The Bayou 220’s engine is a 215cc, four-stroke, shaft-driven, air-cooled model. Its bore measures 2.6 inches and the stroke is 2.4 inches. It features a relatively high 9.3:1 compression ratio with fuel delivered through a Mikuni VM24SS carburetor. The electronic ignition is Kawasaki’s DC-CDI. It also features a recoil backup as a starting system. The clutch is an automatic wet multidisc model with power delivered to the wheels via a five-speed transmission, according to ATV Source.

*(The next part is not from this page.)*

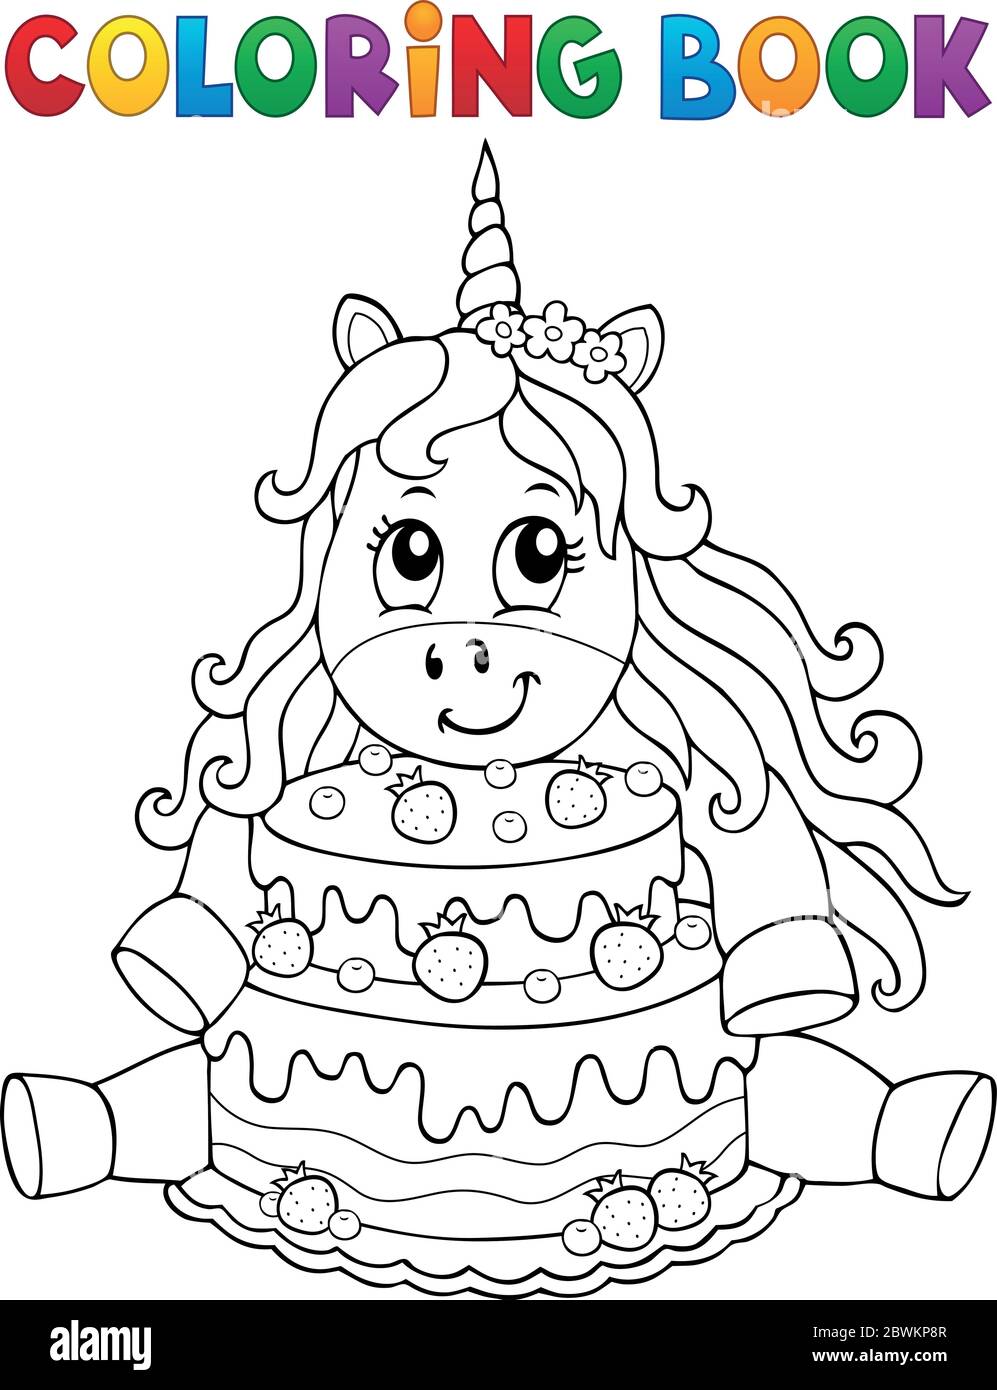 Unicorn Cake Coloring Book Adult Vector Stock Vector (Royalty Free)  1147924676 | Shutterstock
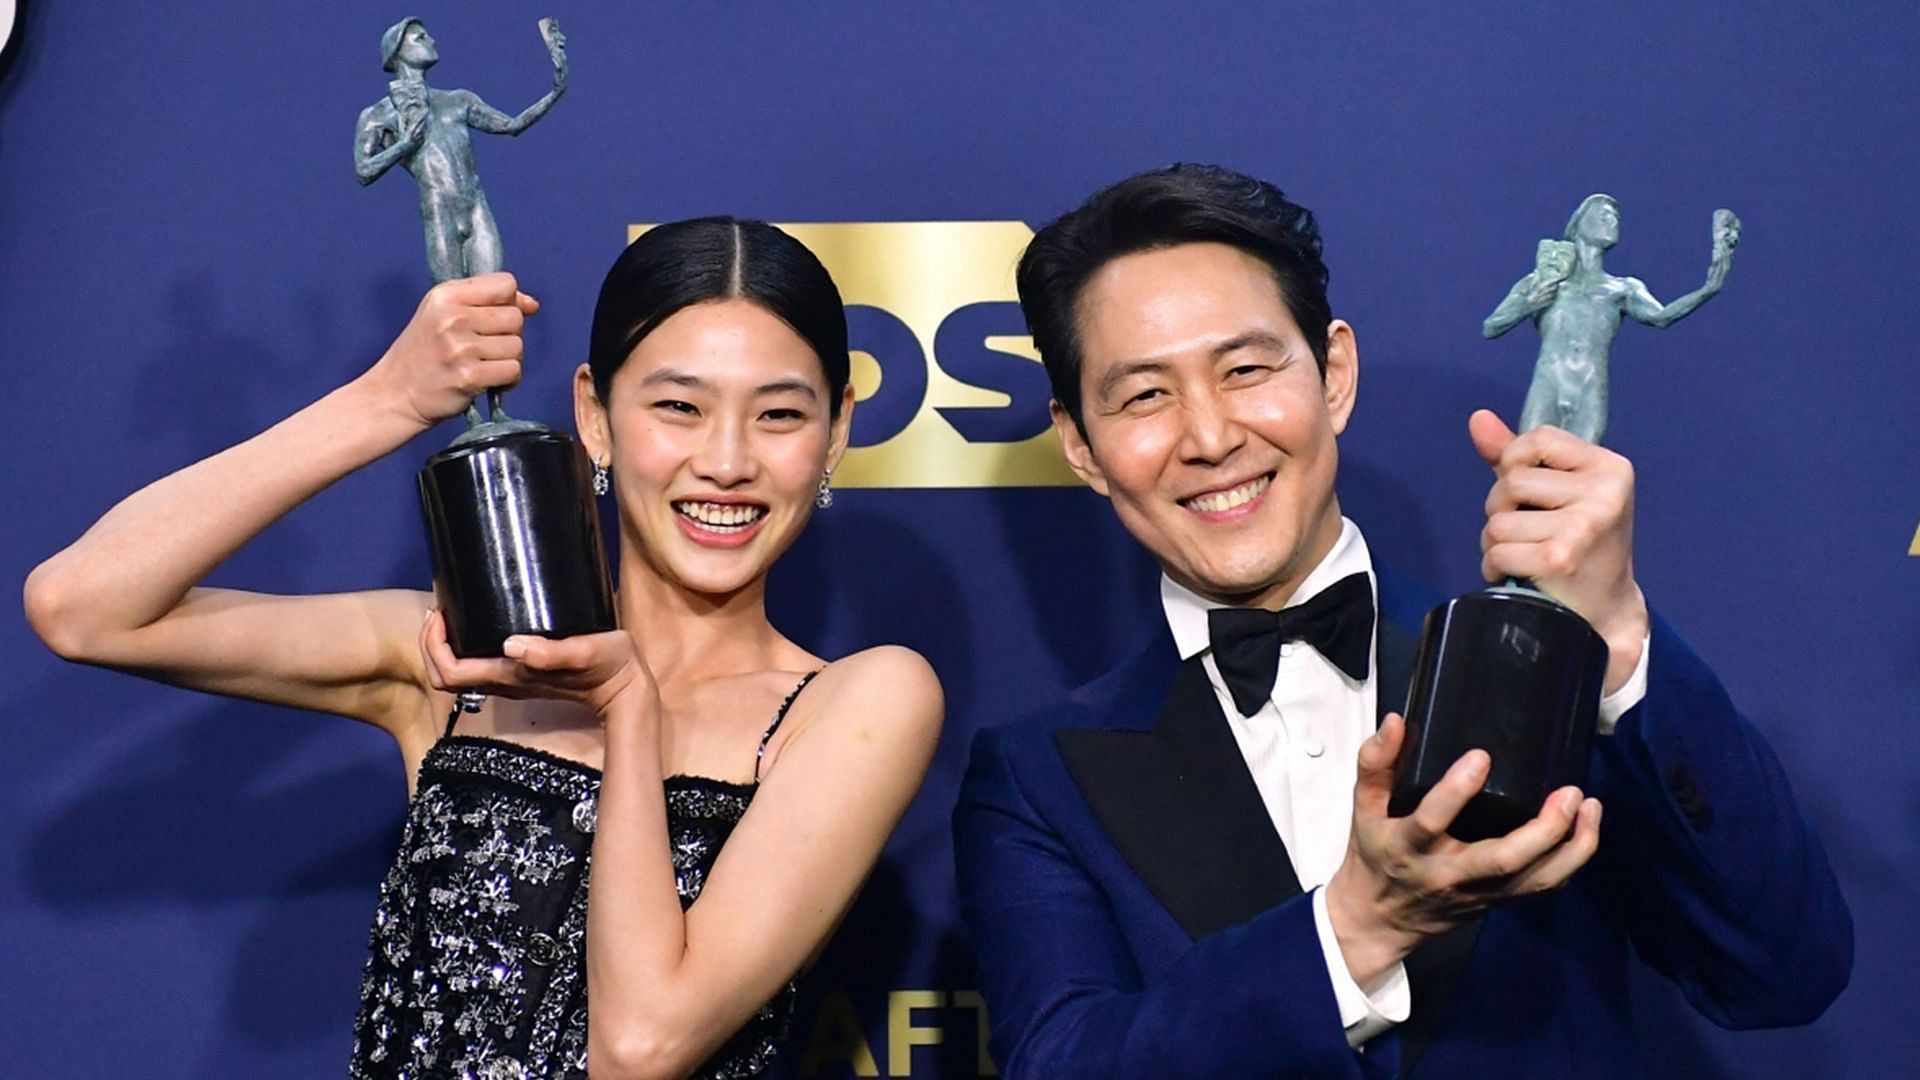 &#039;Squid Game&#039; actors Jung Ho-yeon and Lee Jung-jae at the SAG Awards 2022 (Image via Getty)

The steel frame supports a front suspension with single A-arms and twin shock absorbers, with the rear suspension a Quad-Link system with two shocks. Front wheel travel is 4.5 inches, while the rear wheel travel measures at 4.9 inches. Front and rear brakes are drums.
The front tire size is AT21X8-9 with the rear tires measuring AT22X10-10. The ATV’s wheelbase is 43.9 inches, with an overall length of 68.7 inches. Ground clearance is 6.1 inches with the seat height measuring 28.7 inches. It weighs 403 lbs. and can tow up to 450 lbs. Its fuel tank can carry 2.6 gallons.
The Kawasaki Bayou 220 is not the fastest ATV on the market, but one reason the Bayou 220 has kept its price low is the lack of amenities. It features a brake light and dual headlamps with high/low beam. There is an auxiliary lighting terminal inside the front cover of the ATV and electrical accessory terminals under the seat. The instrument cluster atop the fuel tank features a fuel gauge, but not much else. There are no speedometer, odometer, hourmeter, tripmeter, high-beam indication or high-temperature light. It does have a reverse/neutral indicator light. The Bayou comes in two colors: hunter green and firecracker red.
The front A-arm, twin shock and rear Quad-Link twin-shock suspension system is not a true fully independent system, but it allows for a comfortable ride over rough terrain without employing a complex and expensive, fully independent suspension system. The ATV features front and rear steel cargo racks. The ATV is rider-friendly with a limited adjustable throttle to help novices practice their riding skills without twisting the throttle too far and losing control of the vehicle.